Beth Forrest, a graduate of Boston University’s history department, has dedicated her research to food. As a food historian, she has joined the ranks of food education, first at Boston University, where she taught a research methodologies course for the Food Studies Program. Understanding the impact of food history and gastronomy in the lives of culinarians, she has since begun teaching gastronomy at the renowned Culinary Institute of America. Her experience working in restaurants throughout her life allows her to demonstrate that combination of the practical and theoretical within the foodservice and food studies field.

Working with the foodservice industry

Large food companies rely on food scientists and engineers to create new products, but it is the marketing people who sell the product to the world of consumers. Gastronomy can include more than just a liberal arts perspective to food. Within the area of the business of food, as well as a sociological and anthropological approach of the study of people and their consumer behaviors, we are able to study trends and behavioral patterns.

Profile

Kara Nielsen, a graduate of the Boston University Gastronomy Program, has taken this direction and joined her degree in gastronomy with her prior culinary and management experience to the Center for Culinary Development, where she is a trendologist. The center develops products within the foodservice industry and relies on Nielsen’s experience to discover the trends within the areas and study the community’s consumer behaviors. What do people want to eat? What are they buying? What products are needed within the market to satisfy these needs? What will consumers want next? And years from now? These are some of the questions they seek to answer.

Most large food companies continue to innovate products to compete with other companies and maintain consumer loyalty. Food studies professionals who understand business, consumer behavior, and food, can be the perfect candidates for such a company. Understanding what people want to eat, and how to make a product with a competitive advantage over those already in the market that may be comparable, is important for the survival of a food company wanting to keep up in the highly competitive consumer packaged goods and foodservice markets.
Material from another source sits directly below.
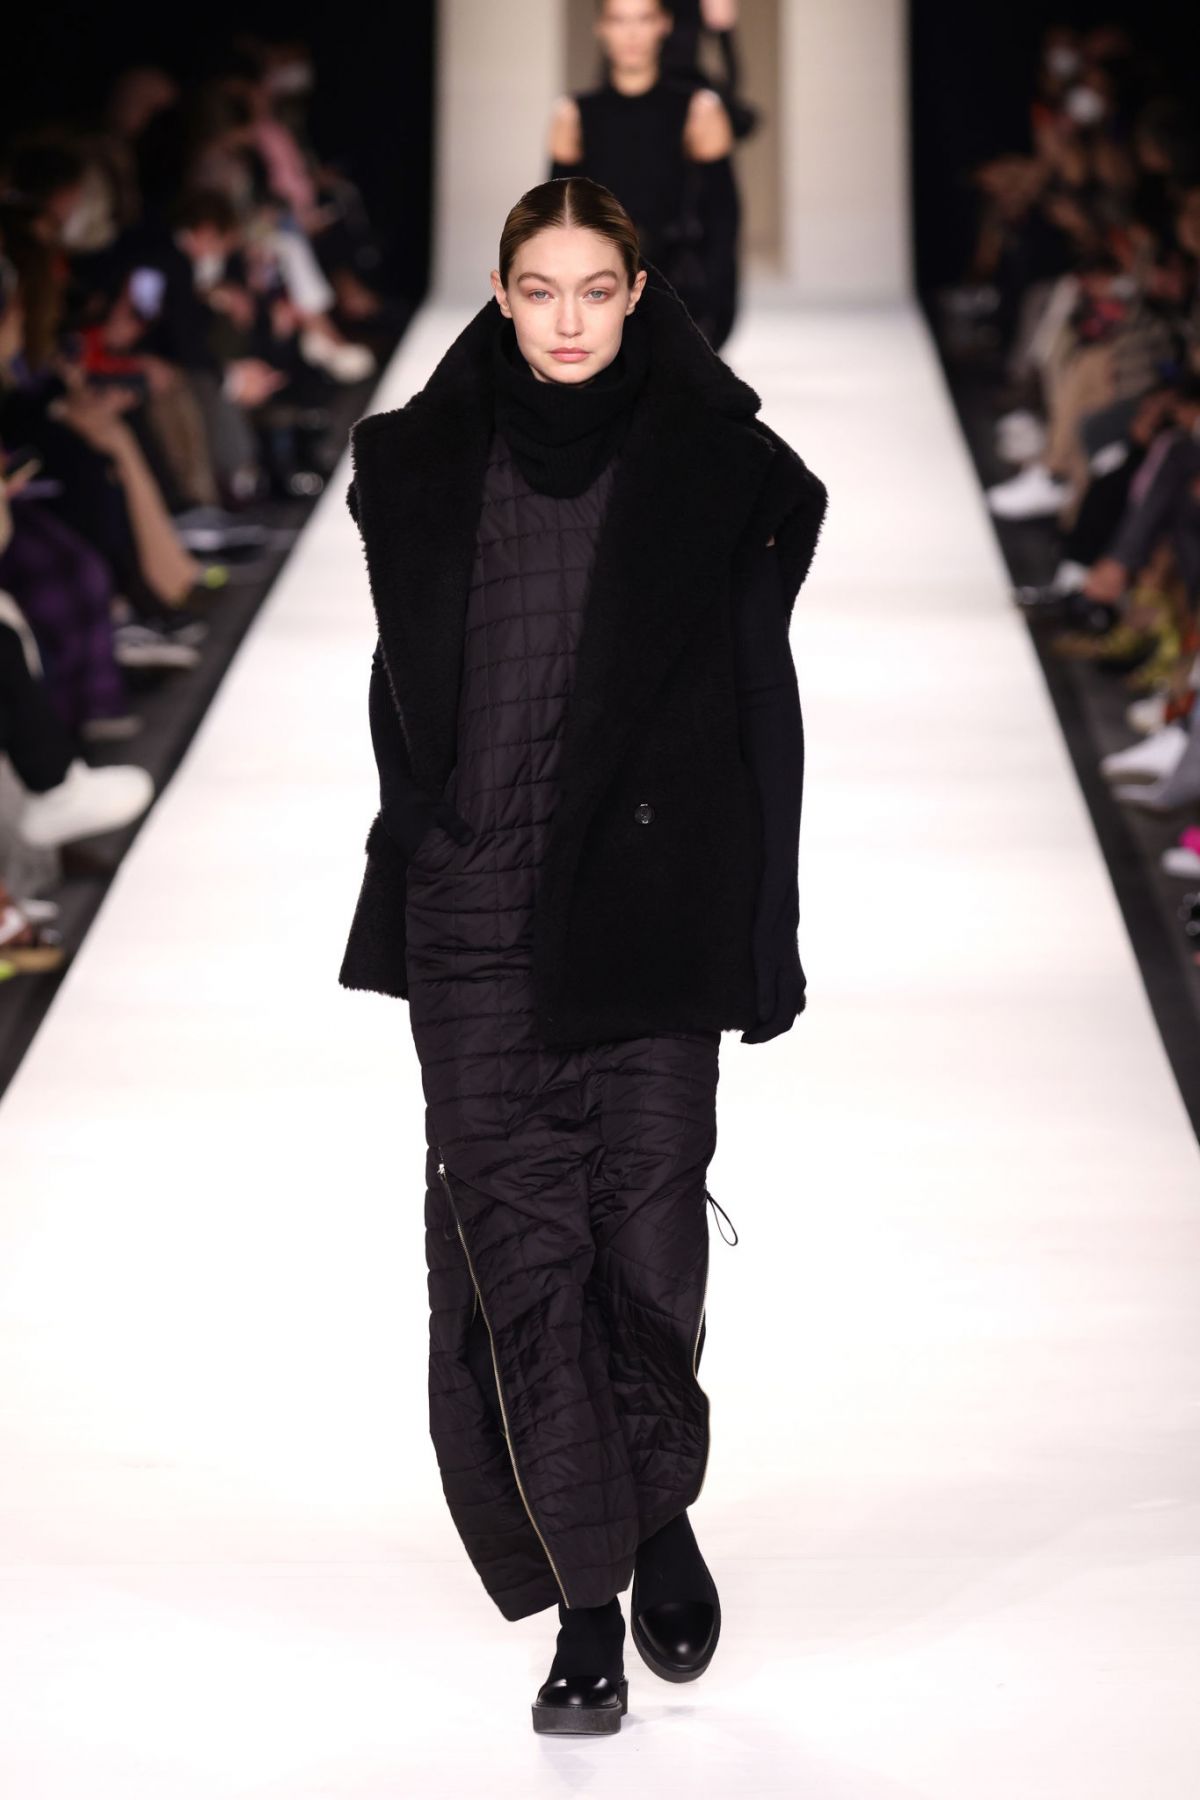 GIGI HADID Walks Runway at Max Mara Fashion Show in Milan 02/24/2022 ...

Food corporations with research and development departments rely on people with research skills for market research, sensory and consumer analysis, and trend reports, to name a few. In addition, foodservice operations experience an ongoing struggle to stay in front of consumer needs—creating culturally relevant menus, communicating sustainability philosophies, introducing cultural foods to a new market, and projecting future trends and demands are all opportunities for the food scholar working with industry.

Improving upon a business sometimes is done best from the outside. Business consultants exist within every field, including foodservice. In order to consult for a business, a person must be equipped with practical and theoretical knowledge. Within foodservice, there are numerous areas of consulting: Restaurants, food companies, and universities are a few.

Consulting for restaurants can include creating a concept (menu, décor, service style, theme), writing a business plan, finding investors, and doing market research. All of these would require knowledge easily acquired within a food studies program. Food studies graduates who have taken a business approach or have industry experience can consult on the financial health of a company and how to improve it. This can be both a for-profit or non-profit food production or foodservice operation. Having a higher education and understanding social aspects of food make great grant writers, food journalists, and promoters.

Market research is one of the most important components of a business plan, financial success for a company, and its competitive advantage. Food companies compete with one another, oftentimes with the same type of product. Understanding what the competing companies are offering, about their products, and the demographic they promote to and target, will allow for new product development, better marketing, and sales.

Writing

Plenty of food magazines, television shows, blogs, and other media require people who have an understanding of food, research methodologies, and writing skills. Publications such as America’s Test Kitchen and Cook’s Country are research-driven from both the theoretical and practical perspectives. The test kitchen develops recipes through trial and error, while the editorial department thoroughly looks to find out the theoretical behind the practice, and explain it in layman’s terms that will appeal to the regular home cook.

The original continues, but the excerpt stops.